6. The apparatus according to claim 1, wherein the second computing unit computes the first coding cost by multiplying the first code length by a weight that monotonically increases with the distortion robustness and then adding the first coding distortion to the product, and computes the second coding cost by multiplying the second code length by the weight and then adding the second coding distortion to the product.

7. A moving picture coding apparatus comprising:

a motion vector forming unit configured to form candidate motion vectors between the region to be coded and a reference picture;

a first estimation unit configured to estimate coding distortions if the region to be coded is motion-compensated with each of the candidate motion vectors;

a second estimation unit configured to estimate code lengths to be generated when coding each of the candidate motion vectors;

a second computing unit configured to compute coding costs corresponding to each of the candidate motion vectors by weighted addition of the coding distortions and the code lengths so that effect of the code lengths more increase than that of the coding distortions as the distortion robustness increases;

a detection unit configured to detect one of the candidate motion vectors for which the coding cost is minimized to obtain detected motion vector;

an inter prediction unit configured to perform inter prediction on the region to be coded using the detected motion vector to obtain an inter predicted picture; and

an entropy coding unit configured to code the prediction residual for the inter predicted picture of the region to be coded.

8. The apparatus according to claim 7, wherein the first computing unit computes the distortion robustness based on a variance of pixel values contained in the region to be coded.

9. The apparatus according to claim 7, wherein the first computing unit computes the distortion robustness based on a dynamic range of pixel values contained in the region to be coded.
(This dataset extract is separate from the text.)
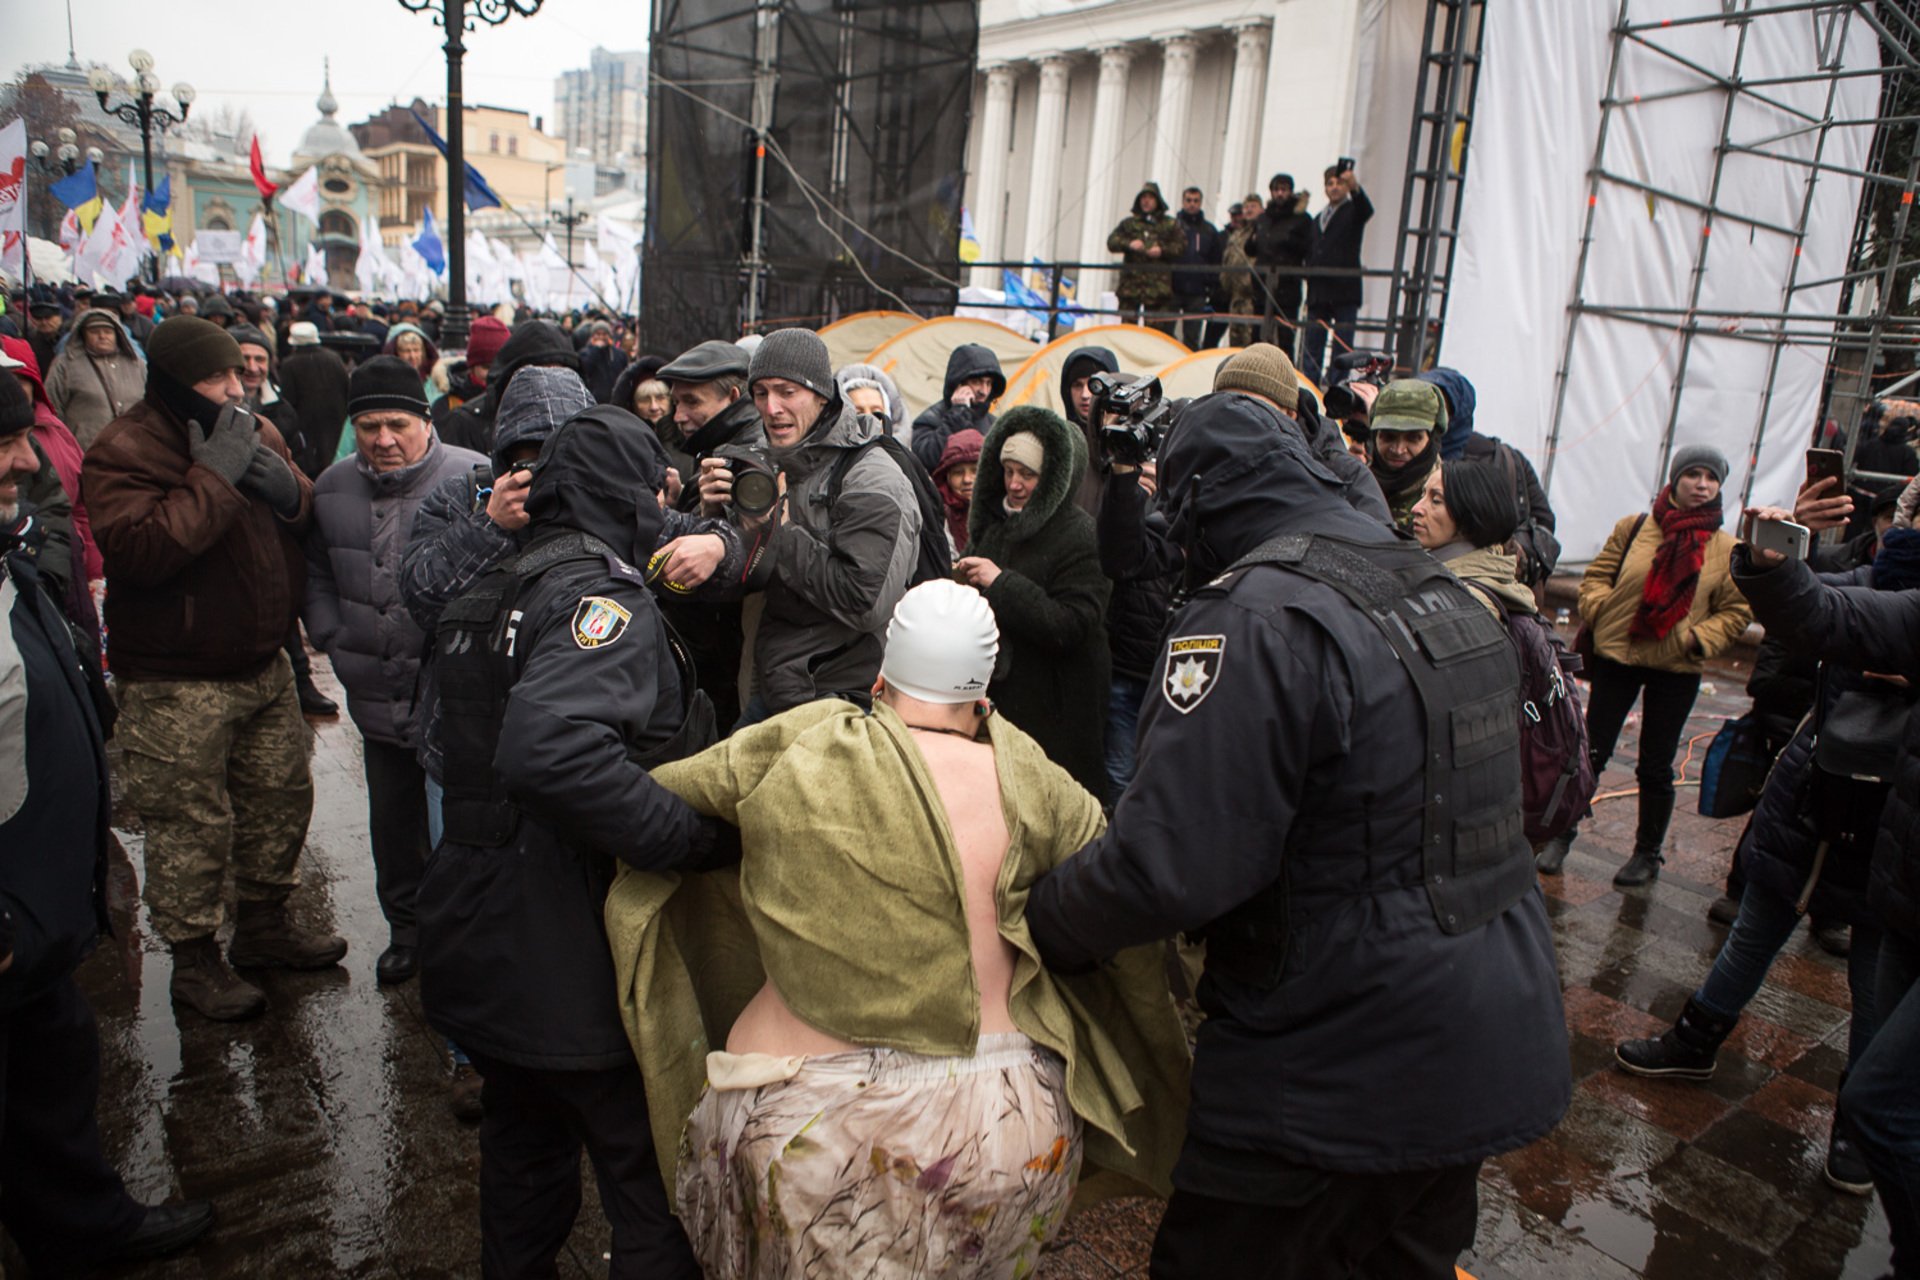 Femen, Верховная Рада, активистка, акция протеста, Петр Порошенко, Михаил Саакашвили, политика, здание, палаточный городок

10. The apparatus according to claim 7, wherein the first computing unit computes the distortion robustness based on an average brightness of the region to be coded.

11. The apparatus according to claim 7, wherein the first computing unit computes the distortion robustness based on whether or not an average hue and an average saturation of the region to be coded belong to a range of skin colors.

12. The apparatus according to claim 7, wherein the second computing unit computes the coding costs corresponding to each of the candidate motion vectors by multiplying the code lengths by a weight that monotonically increases with the distortion robustness and then adding the coding distortions to the product.

13. A moving picture coding method comprising:

computing a distortion robustness indicating degree of imperceptibility of coding distortion in a region to be coded in an input picture;

performing intra prediction on the region to be coded to obtain an intra predicted picture;

performing inter prediction on the region to be coded to obtain an inter predicted picture;

estimating a first coding distortion based on a first prediction residual between the intra predicted picture and the region to be coded, and estimating a second coding distortion based on a second prediction residual between the inter predicted picture and the region to be coded;

estimating a first code length generated by coding the first prediction residual, and estimating a second code length generated by coding the second prediction residual;

computing a first coding cost of the first prediction residual by weighted addition of the first coding distortion and the first code length so that effect of the first code length more increases than that of the first coding distortion as the distortion robustness increases, and computing a second coding cost of the second prediction residual by weighted addition of the second coding distortion and the second code length so that effect of the second code length more increase than that of the second coding distortion as the distortion robustness increases;

selecting one of the first prediction residual and second prediction residual for which the coding cost is minimized to obtain selected prediction residual; and

coding the selected prediction residual.